¿La gente no cambia?
“Es que la gente no cambia”. Cuántas veces lo hemos dicho, cuántas veces nos lo han dicho. En una cena de amigas, en mitad de una ruptura dolorosa, tras ver a alguien reincidir en el mismo error. Pocas frases tienen tanta fuerza y, a la vez, tanta ligereza: la usamos como sentencia definitiva, como un punto y final que nos exime de esperar nada más del otro. Pero ¿qué hay de cierto en esta afirmación? ¿Es un reflejo de sabiduría popular o, más bien, un mecanismo de defensa que repetimos sin darnos cuenta?
Lo fascinante es que la psicología y la biología llevan décadas dándole vueltas a esta misma cuestión. Y la respuesta, como suele ocurrir, no es tan simple. El cerebro humano mantiene una base relativamente estable, pero la ciencia ha demostrado que las personas sí pueden cambiar, aunque no de la manera radical o inmediata que solemos imaginar.
De dónde viene esa idea tan manida
La frase tiene un aire de fatalismo, casi de refrán castellano. Como si estuviera inscrita en la cultura y en piedra. De hecho, la psicóloga Carol Dweck, profesora en Stanford, explicaba en Mindset (2006) que una gran parte de nuestra forma de pensar se divide entre mentalidad fija (lo que soy es lo que soy, sin remedio) y mentalidad de crecimiento (puedo aprender, evolucionar y reinventarme).
En España, lo escuchamos en terapia, en artículos de autoayuda o en boca de nuestra madre: “no esperes que cambie”. Es casi un consejo preventivo.
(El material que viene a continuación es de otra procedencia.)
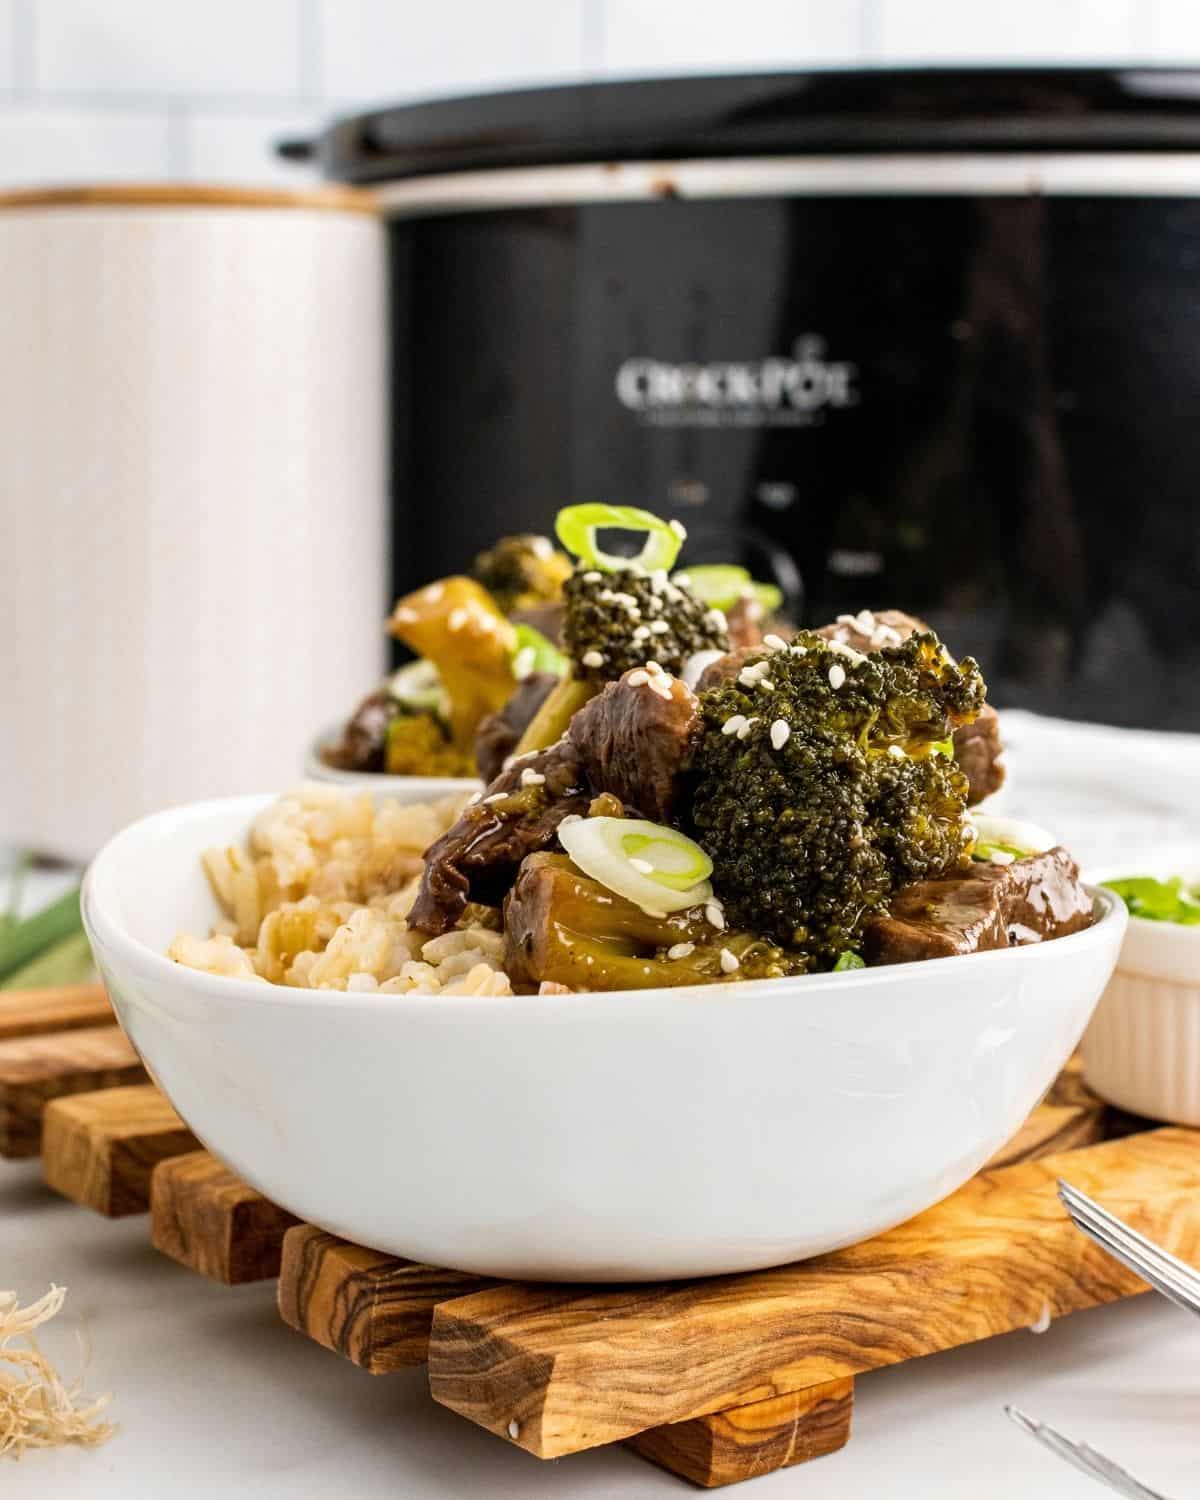 A closeup picture of beef and broccoli in a white bowl with a crockpot in the background.

Pero también encierra algo de trampa: si no dejamos margen para que el otro evolucione, ¿no le estamos quitando agencia? ¿No estamos, en cierto modo, condenando a los demás —y a nosotros mismos— a repetir siempre lo mismo?
La psicobiología responde: somos plásticos, aunque con límites
La gran revolución en este debate llegó con la neurociencia de finales del siglo XX. Durante décadas se creyó que el cerebro adulto era rígido, pero estudios de Michael Merzenich y del español Álvaro Pascual-Leone demostraron la neuroplasticidad: la capacidad del cerebro de crear nuevas conexiones neuronales durante toda la vida.
“La gente cambia cuando quiere y cuando le duele lo suficiente seguir igual”
Silvia Congost, psicóloga
Esto significa que, en términos biológicos, el cambio no solo es posible, sino inevitable. El aprendizaje, la terapia, los nuevos hábitos y las experiencias vitales dejan huella física en nuestras redes neuronales. El neurocientífico Richard Davidson lo demostró con prácticas como la meditación: quienes entrenaban la atención plena durante meses presentaban cambios medibles en áreas del cerebro relacionadas con la regulación emocional. Y esto se traduce en algo esperanzador: una persona puede dejar de reaccionar con ira, aprender a gestionar la ansiedad o desarrollar empatía, si hay constancia y condiciones adecuadas.
El debate de la personalidad: ¿cambia o se maquilla?
Aquí está la parte espinosa. Porque no hablamos solo de conductas o hábitos, sino de lo que entendemos como “ser”. Según el meta-análisis de Roberts y Mroczek, la personalidad adulta sí presenta cambios, aunque suelen ser graduales y ligados a la edad. En general, las personas se vuelven más responsables y amables con los años, y menos neuróticas.
Pero el cine y la cultura popular nos han enseñado a esperar giros de 180 grados, redenciones instantáneas. El chico malo que, de repente, se convierte en padre entregado. La amiga envidiosa que, tras una disculpa, nunca más vuelve a herirnos. Eso es lo que casi nunca ocurre. Como dice Silvia Congost, psicóloga experta en dependencia emocional, “la gente cambia cuando quiere y cuando le duele lo suficiente seguir igual. Y aún así, no es un clic mágico: es un proceso largo, incómodo y lleno de recaídas”.
La fuerza de los grandes golpes vitales
Los cambios más radicales suelen llegar con experiencias extremas: un divorcio, un duelo, un diagnóstico médico, la paternidad, una pandemia. El psicólogo Dan McAdams, de Northwestern University, estudia cómo los seres humanos construimos nuestra identidad a través de narrativas. Y su hallazgo es revelador: tras eventos disruptivos, muchas personas reescriben el sentido de su vida, y eso se traduce en nuevas conductas y prioridades.
¿Ejemplos? El actor Robert Downey Jr., que pasó de ser símbolo de autodestrucción en los 90 a icono de reinvención en Hollywood. Demi Lovato, que ha hecho de sus recaídas y sus procesos de recuperación un relato público de cambio. O incluso figuras políticas que, tras una derrota o un escándalo, han regresado con un discurso completamente distinto.